Its printing the html without the tag the data are in, only showing a single script tag. How to access the data (shown in browsing view, looks like json)?browsing view my code code response)

CodePudding user response：

I don't believe this can be done...That data simply isn't in the r.text

If you do this:

import requests
from bs4 import BeautifulSoup

r = requests.get("https://www.hyatt.com/explore-hotels/service/hotels")
soup = BeautifulSoup(r.text, "html.parser")

print(soup.prettify())

You get this:

<!DOCTYPE html>
<html>
 <head>
 </head>
 <body>
  <script src="/149e9513-01fa-4fb0-aad4-566afd725d1b/2d206a39-8ed7-437e-a3be-862e0f06eea3/ips.js?tkrm_alpekz_s1.3=0EOFte3LjRKv3iJhEEV2hrnisE5M3Lwy3ac3UPZ19zdiB49A6ZtBjtiwBqgKQN3q2MEQ3NbFjTWfmP9GqArOIAML6zTvSb4lRHD7FsmJFVWNkSwuTNWUNuJWv6hEXBG37DhBtTXFEO50999RihfPbTjsB">
  </script>
 </body>
</html>

As you can see there is no <pre> tag for whatever reason. So you're unable to access that.

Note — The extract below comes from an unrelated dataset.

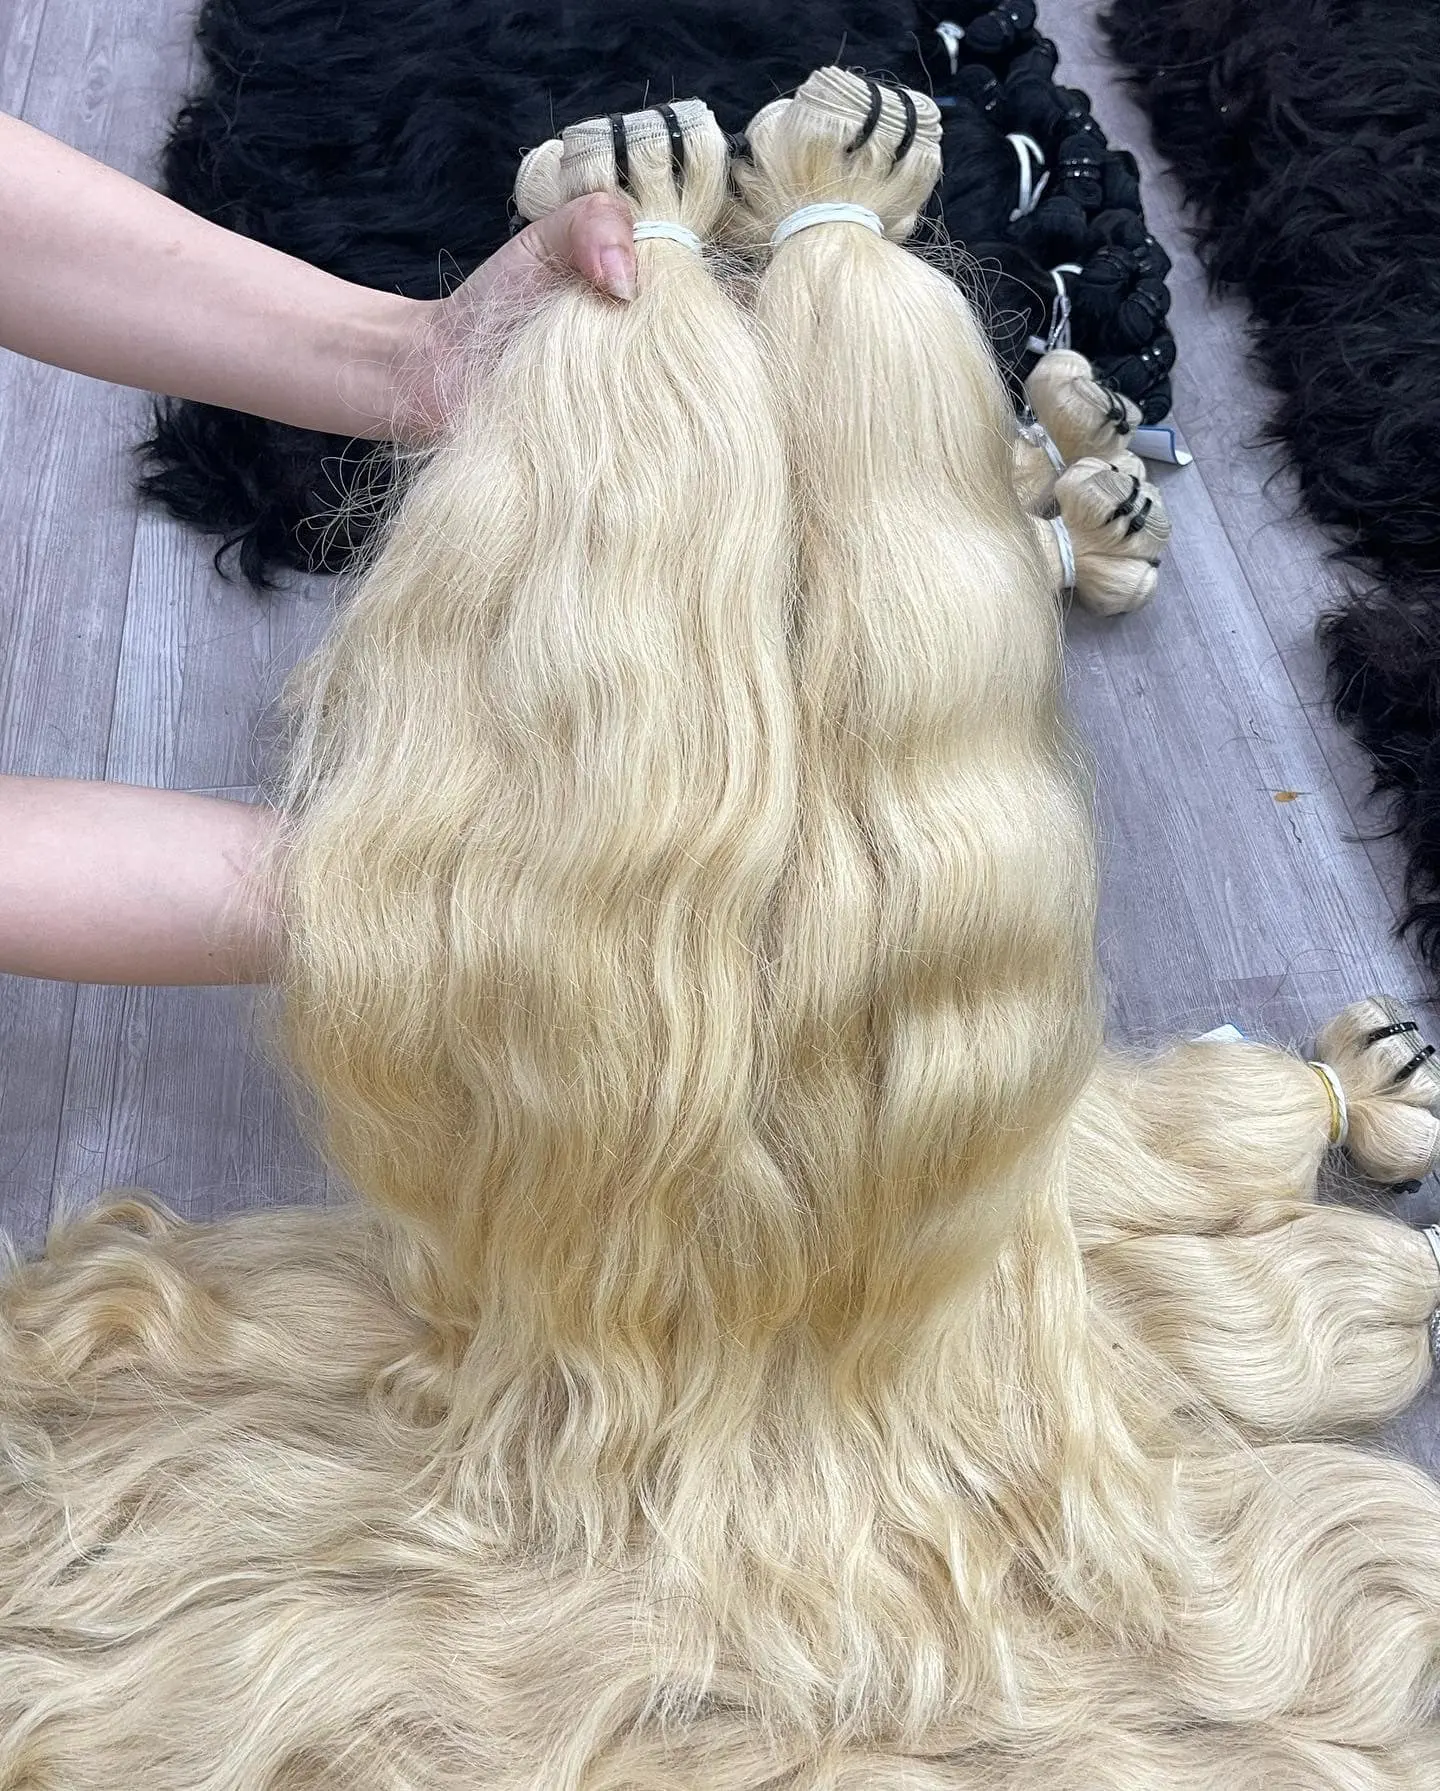 Commercio all'ingrosso 613 capelli vergini allineati capelli vergini vietnamiti biondo vergini estensioni di capelli umani onda naturale fascio di fabbrica del Vietnam

I also get an 429 Error when accessing the URL:

GET https://www.hyatt.com/explore-hotels/service/hotels 429

What is the end goal here? Because this site doesn't seem to be willing to do anything. Some sites are unable to be parsed, for various reasons. If you're wanting to play with JSON data I would look into using an API instead.

If you google https://www.hyatt.com and manually go to the URL you mentioned you get a 404 error.

I would say Hyatt don't want you parsing their site. So don't!

CodePudding user response：

The response is JSON, not HTML. You can verify this by opening the Network tab in your browser's dev tools. There you will see that the content-type header is application/json; charset=utf-8.

You can parse this into a useable form with the standard json package:

r = requests.get('https://www.hyatt.com/explore-hotels/service/hotels')
data = json.loads(r.text)
print(data)